Sigismondi’s evocative portrait of Currie (Dakota Fanning), Jett (Kristen Stewart), and their stage sisters is a strange bird. On the one hand, it’s a pitch-perfect evocation of time and place, and boasts mesmerizing performances, including that of a tranced-out Fanning, a prickly Stewart, and an outlandish Michael Shannon as Fowley.
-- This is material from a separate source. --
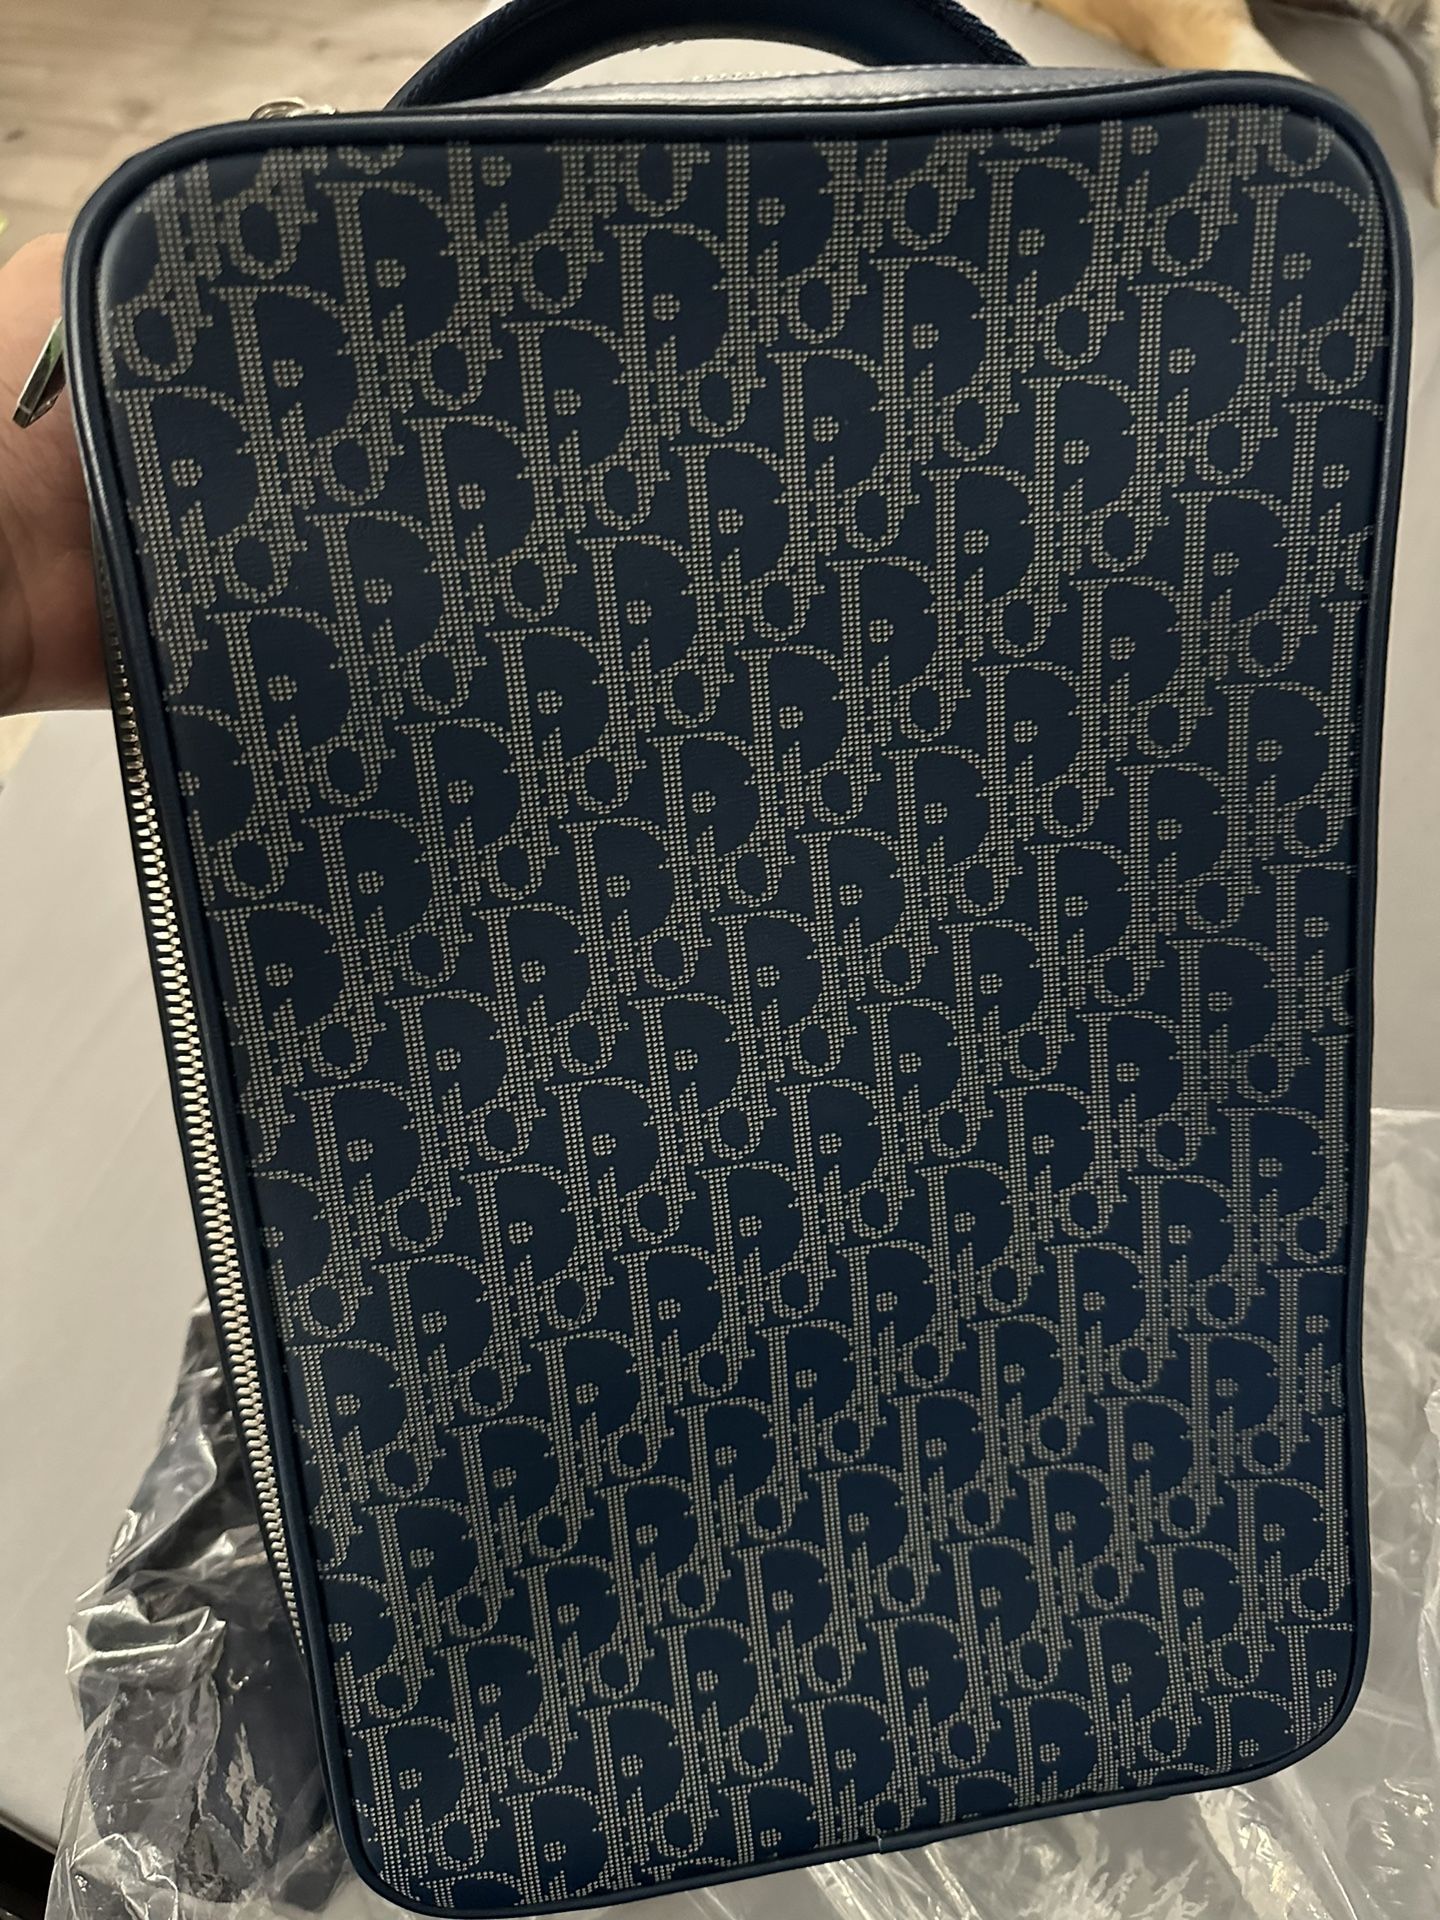 Christian Dior Galaxy Travel Bag

On the other, it adheres slavishly to the too-much, too-soon template of nearly every other music biopic. In this case, there’s something awfully literal about watching the group famous for the refrain “Neon angels on the road to ruin!” as just that. And not much more.

US Weekly:

While Stewart’s Twilight fans may wonder why she isn’t front and center, she clearly is the movie’s spine, its agile strength. As an actress, Stewart is already strong enough to be generous with her costars. (Speaking of, watch for a same-sex kiss between the leads!) Filmed with a 1970s punk edginess by music-video director Floria Sigismondi, the movie recalls a time when a schoolteacher, refusing to give Jett a lesson she wanted, tells her, “Girls don’t play electric guitar.” While some things have changed, this is an anthem to those young women who wouldn’t take no for an answer.